José Cereijo (Redondela, Pontevedra, 1957) ha publicado seis libros de versos y un volumen de relatos. Ha traducido a John Keats y Emily Dickinson. Ha seleccionado poemas de Leopoldo Panero, Javier Lostalé y Mario Míguez en antologías editadas por Renacimiento.
La luz pensativa se abre rompiendo tópicos. El poeta de lenguaje depurado medita sobre la realidad cotidiana. Lo hace sin conformarse con la apariencia engañosa de paisajes y objetos. Nada es insignificante para él. El frío, la hoja caída, el canto del ruiseñor, la vejez de las casas y el polvo le suscitan reflexiones. Con ironía serena, con estoicismo, José Cereijo elige un regalo para el Dios en quien no cree.

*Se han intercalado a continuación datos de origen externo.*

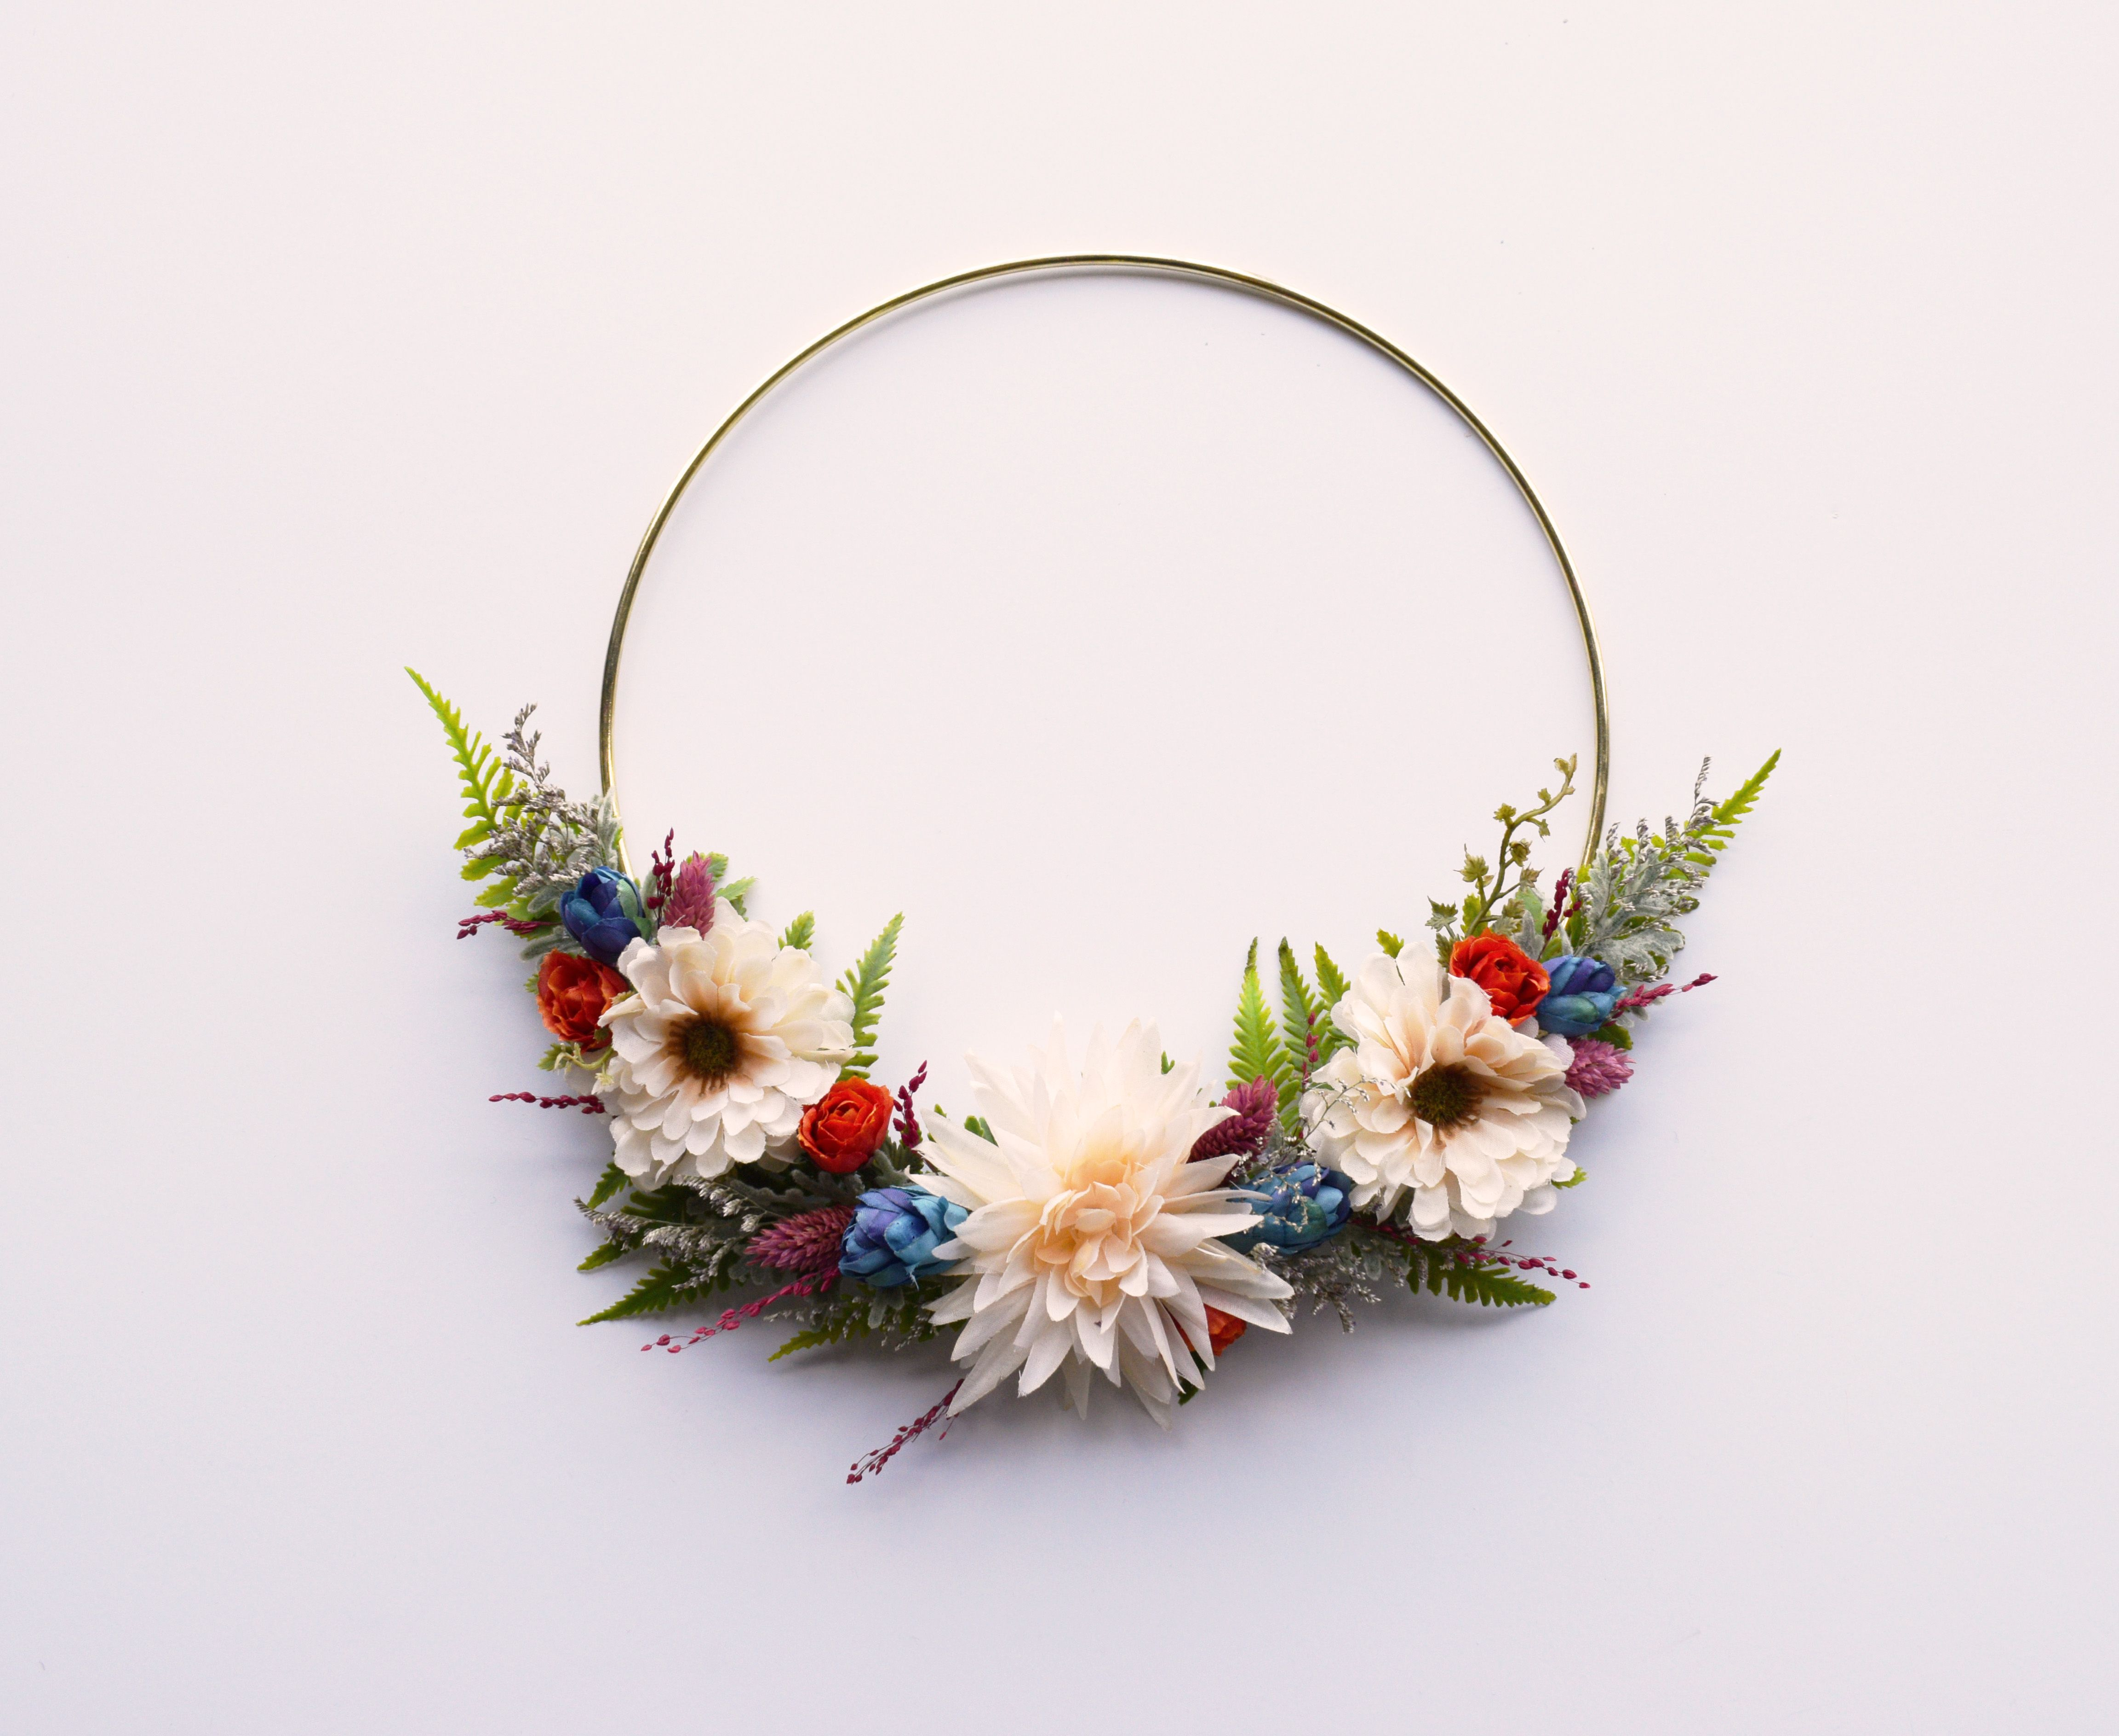 Dried flower wreath wedding modern gift home decor daisy

Una “silenciosa ternura” es su divinidad. También opina que la existencia se inicia cuando somos conscientes de que cada momento vivido es el último. El escritor recibe lecciones al observar a una rata que cruza un sendero oscurecido, al retener unos restos de amargura, al contemplar a un anciano indiferente ante el paso del tiempo. Comprende el final con calma de los días y celebra las hojas minúsculas de un árbol añoso.
Asimismo, entiende que un ser desaparecido se ha transformado en música o sombra. Frente a los coléricos, sugiere una ética transmitida con claridad: “habrá quien limpie en silencio, / quien recoja y ordene, / y mire, y calle, y siga. / Tu sitio está entre ellos. No lo olvides”.
Ocho palabras de Michel de Montaigne forman los dos primeros versos de un poema de José Cereijo. No se trata de una casualidad. Separados por cuatro siglos, los dos autores coinciden en el sosiego lúcido. El poeta aprende de la piedra imperturbable, asume todas las pérdidas, prevé la visita de la muerte cansada. Escucha cantos humildes (el de un grillo, el de un gorrión) y cavila a partir de esos sonidos.
Los cabellos blancos, un sepulcro invadido por las hierbas y el silencio nocturno le inspiran pensamientos hondos. De súbito, reprocha a Platón su desdén por la belleza de los cuerpos. Aunque camina solitario, afirma que la existencia tiene sentido; nos aconseja no secundar a quienes persisten en la desesperanza; percibe con gratitud los goces efímeros; admite en paz las contradicciones de la Naturaleza. Cereijo nos propone el reto de mirar un árbol, la lluvia, la luz: “míralos, / e intenta decir sólo / lo que no te avergüence / en su presencia”.
Cereijo opina que la existencia se inicia cuando somos conscientes de que cada momento vivido es el último
José Cereijo cita a menudo el origen de sus aprendizajes. Sus maestros son variados: los compositores Frédéric Chopin, Franz Schubert y John Cage, el pianista Alfred Brendel, el filósofo Arthur Schopenhauer, el mutismo, una tarde en Salamanca, los posos amargos en un vaso. Comunica un propósito difícil: para no ser una mentira humana, decide recordar sin dolor. Después reconoce que pasará noches desvelado por el amor y el odio.
En la parte final del poemario, la delicadeza expresiva no disminuye. Según el poeta, sólo la tierra es digna de unas flores y un cuerpo amado se convierte en la mirada que lo envuelve. “La poesía, / ¿no es el mejor sentido / de la palabra?”, pregunta. Intuye la muerte como una caricia y nombra un gran desierto.
La obra se cierra con un poema en el que José Cereijo nos propone “dialogar con la luz, y comprender / esa infinita aceptación, que todo / lo comprende, lo acoge, lo realza, / todo, / el dolor y la pérdida también, / y la vida y el tiempo”.
Las ciento dos composiciones de La luz pensativa son en su mayoría breves y siempre emotivas. José Cereijo, poeta de expresión profunda a la par que refinada, nos ofrece un libro admirable.